Przejdź do głównych treściPrzejdź do wyszukiwarkiPrzejdź do głównego menu
To trzeba wiedzieć:
Reklama

Niech Anioły zagrają bluesa na Twoje przywitanie

We wtorek go żegnamy! Miał świadomość, że wynik tego najważniejszego meczu był już z góry przesądzony. Cud, który czasem trafia się na boisku, tu się, niestety, nie zdarzył…
Niech Anioły zagrają bluesa na Twoje przywitanie

Nie wierzę, tylko łzy, ból i wielki żal - to najczęściej przewija się w komentarzach po informacji, że Adam Grabowski, wieloletni trener m.in PTPS Piła czy reprezentacji Polski, gdzie był asystentem Jerzego Matlaka, nie żyje. Zmarł w miniony czwartek rano. Dokładnie 17 października. Ostatnie dni, tygodnie, spędził w pilskim hospicjum. Był nieuleczalnie chory na stwardnienie rozsiane boczne…

Zawsze doceniałem jego pozytywne cechy oraz wpływ, jaki miał na życie innych. I nie tylko ja!

Ten kto go poznał, ten tkwił w przekonaniu, iż trafił na rzetelną i wręcz bezkonfliktową postać. 

Szanowało go wielu

Grabek był lubiany i doceniany nie w tylko poprzez swoje działania na niwie siatkówki, ale ludzie mieli wobec niego także uznanie za jego nad wyraz zgodność działań w życiu codziennym.

Z Grabkiem przyjaźniliśmy się od wielu lat. Jego powiedzenie, gdy zwracał się żartobliwie, nie tylko do mnie - ,,chłopaku” zna wielu.

Adam od roku 1997 z małymi przerwami pracował był związany z PTPS Piła. Głównie jako asystent Jerzego Matlaka. 

Pamiętam dobrze pierwsze mistrzostwo Polski, po dramatycznym meczu z Augusto Kalisz i szlochającego z radości nie tylko Adama.

Niebawem był pierwszy mecz na europejskiej arenie. 

Szczęśliwa Liga Mistrzyń

W Lidze Mistrzyń m.in. los skojarzył pilski PTPS z holenderskim Arke Polux Oldenzaal. W teorii był to najsłabszy zespół w 7 osobowej grupie, gdzie prym miała wieść Urałoczka Jekatierynburg.
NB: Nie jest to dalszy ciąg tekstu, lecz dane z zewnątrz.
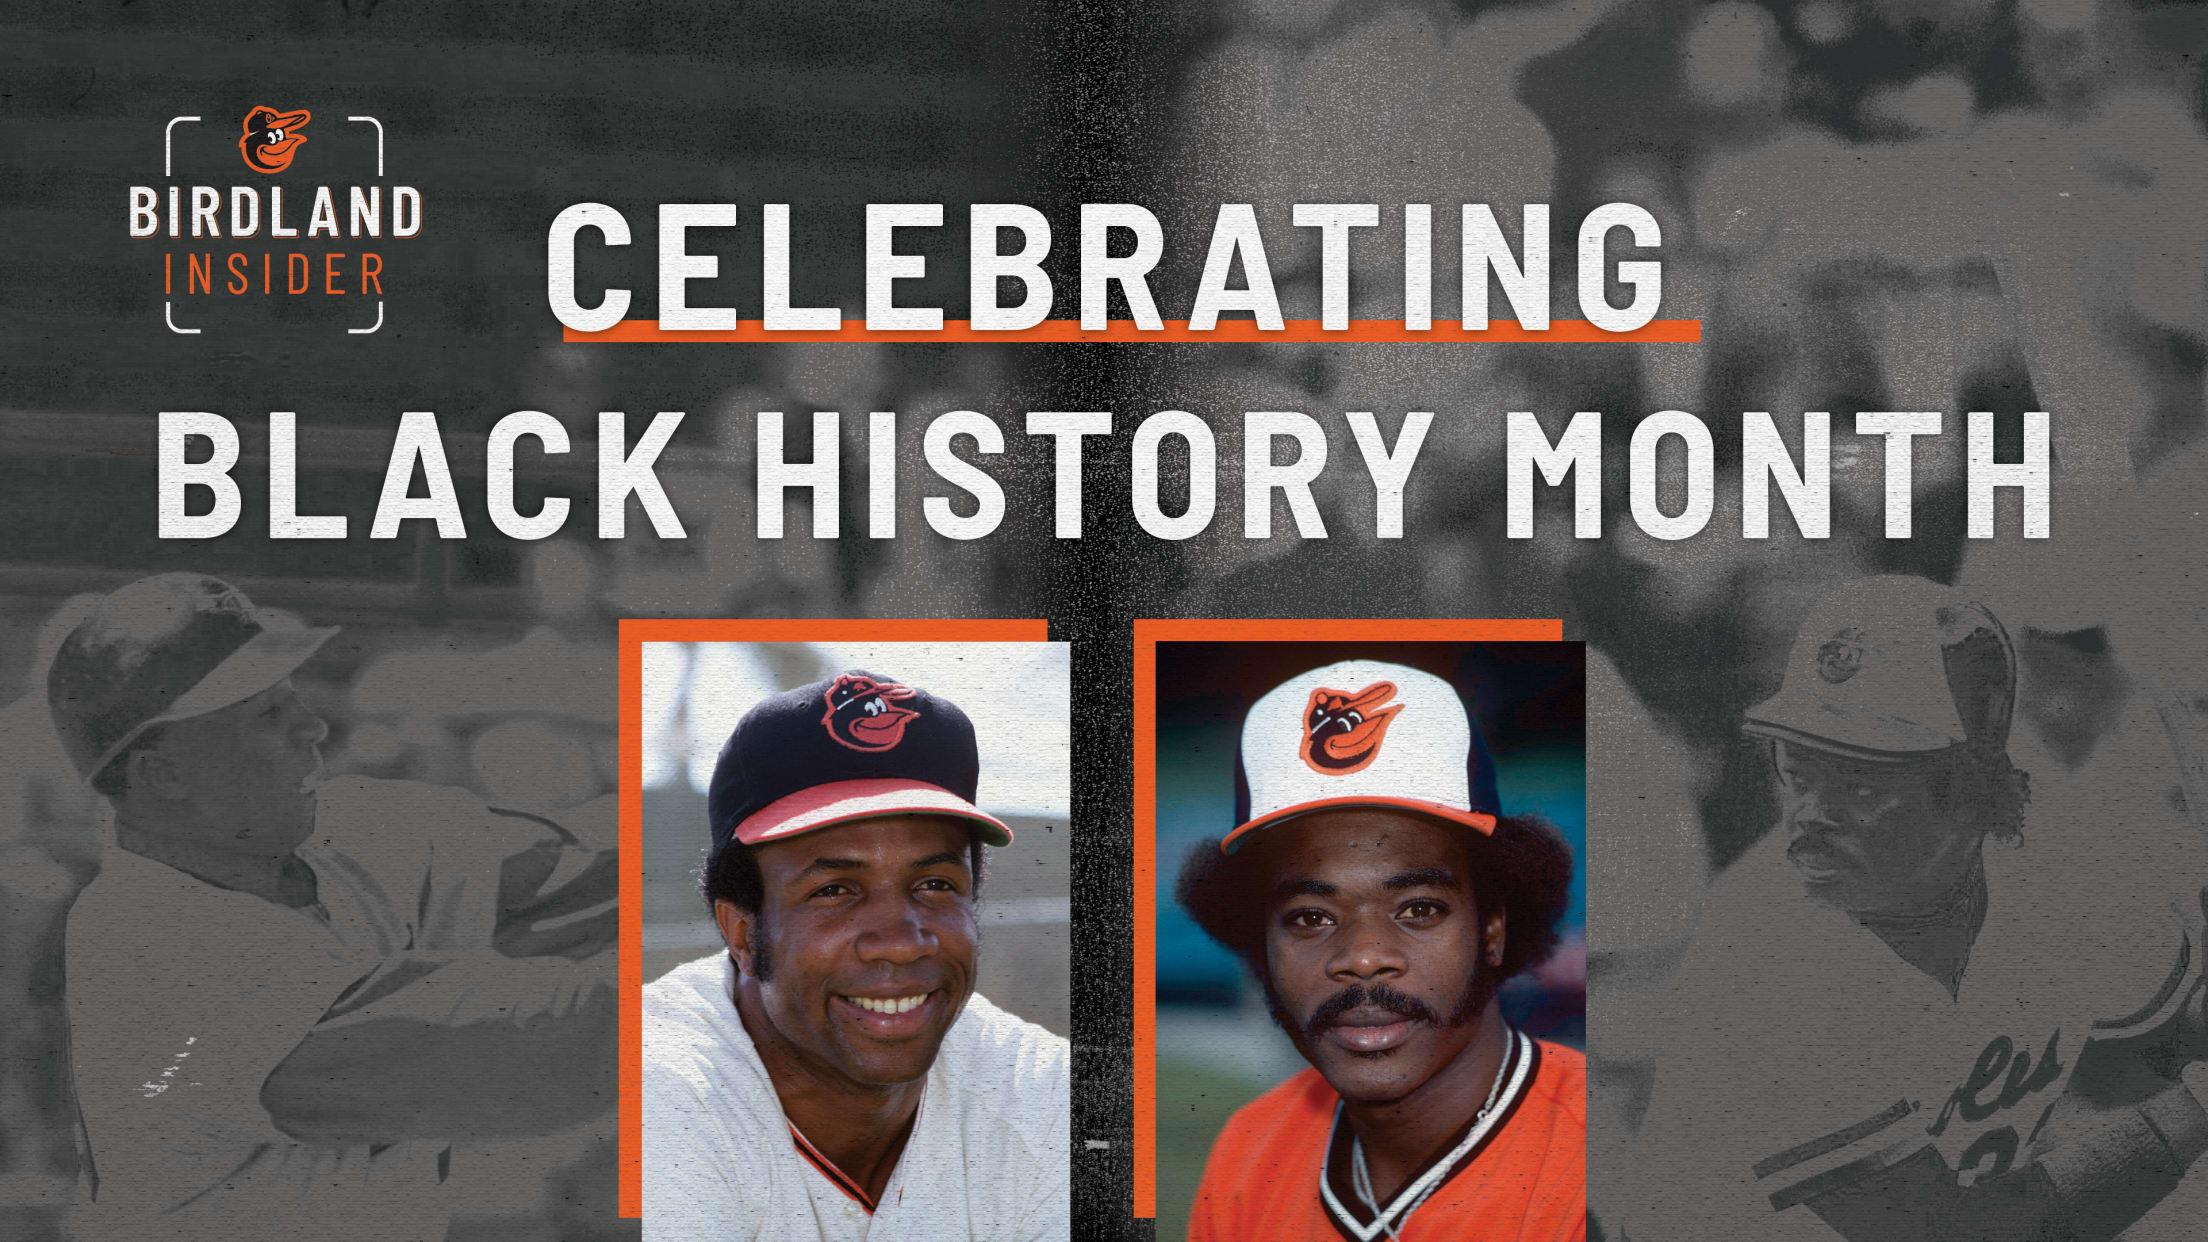 bal-image-header-Birdland-Insider-Celebrating-Black-History-Month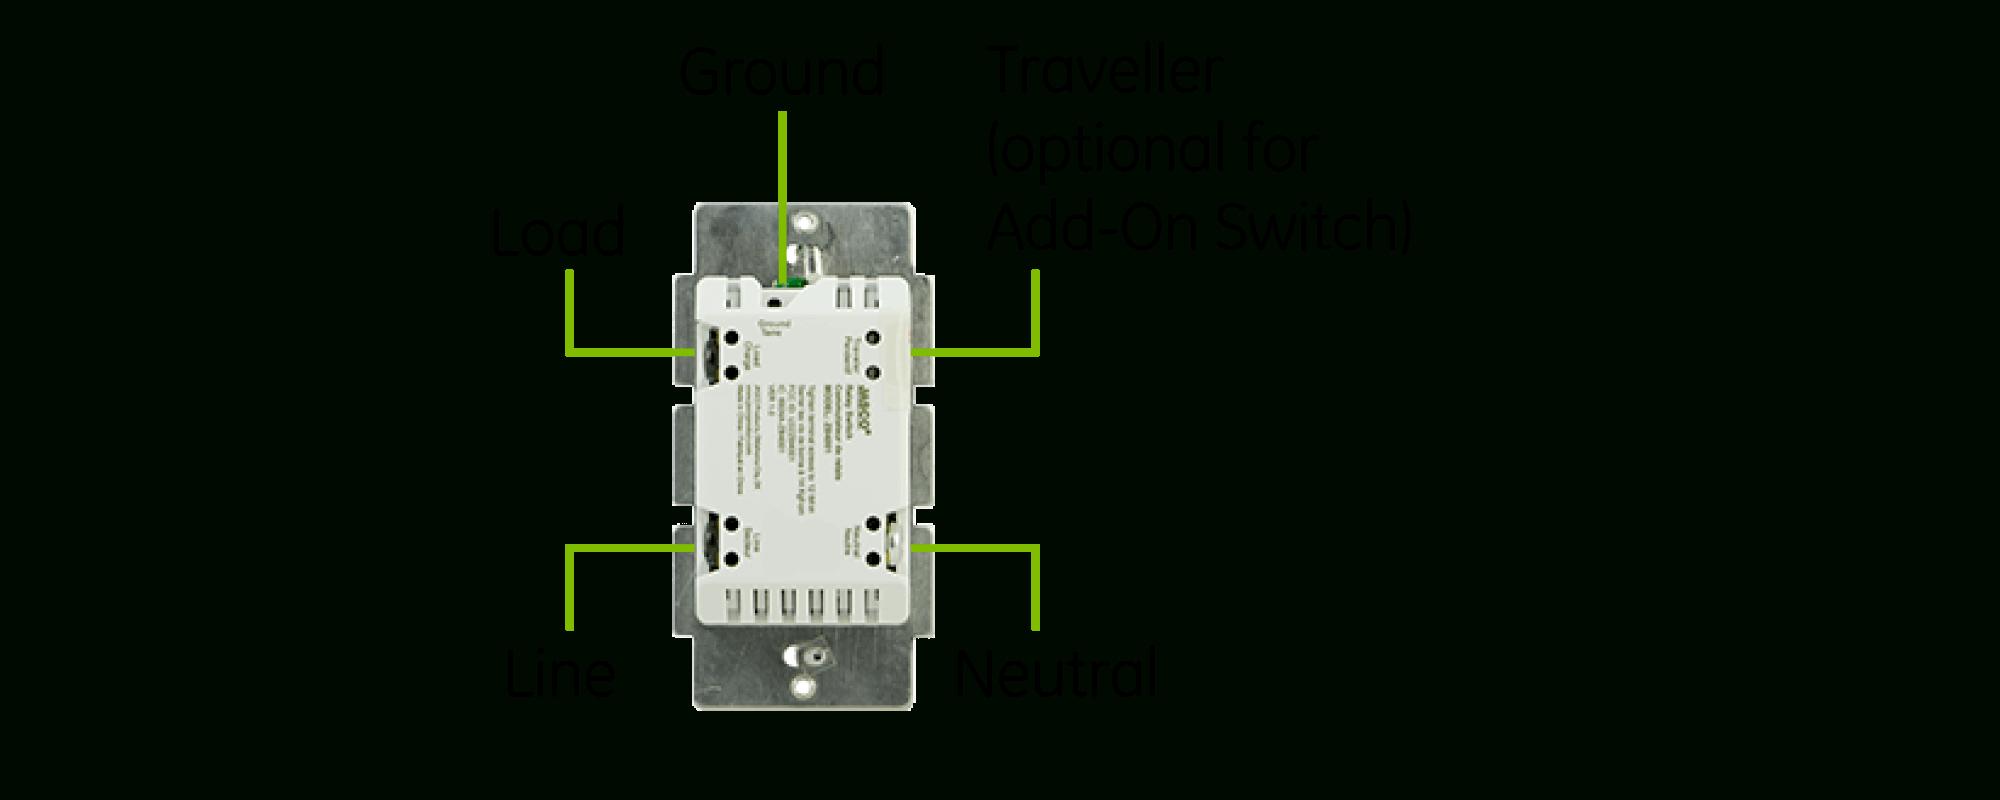 Ge Z Wave 3 Way Switch Wiring Diagram | Wiring Diagram - Ge Z Wave 3 Way Switch Wiring Diagram

Ekipa Nikołaja Karpola była zdecydowanym faworytem do Final Four, który miał odbyć się tureckiej Bursie. 

Popularny Grabarz uwidoczniony na tym pamiątkowym foto z Oldenzaal: trzeci z lewej w pierwszym rzędzie, zawsze miał czas, by porozmawiać zemną, zawsze skory do refleksji, czy to w Holandii, Francji czy w innym miejscu, gdzie rywalizowały pilskie siatkarki. 

Ów pozostanie nie tylko w mojej pamięci jako człowiek, który

Kochał ludzi, siatkówkę i bluesa

- Moja znajomość z Adamem wiąże się z naszym wspólnym zamiłowaniem do muzyki bluesowej – mówi Mariusz Szalbierz, który podobnie jak Adam zamiast krwi ma bluesa w żyłach. 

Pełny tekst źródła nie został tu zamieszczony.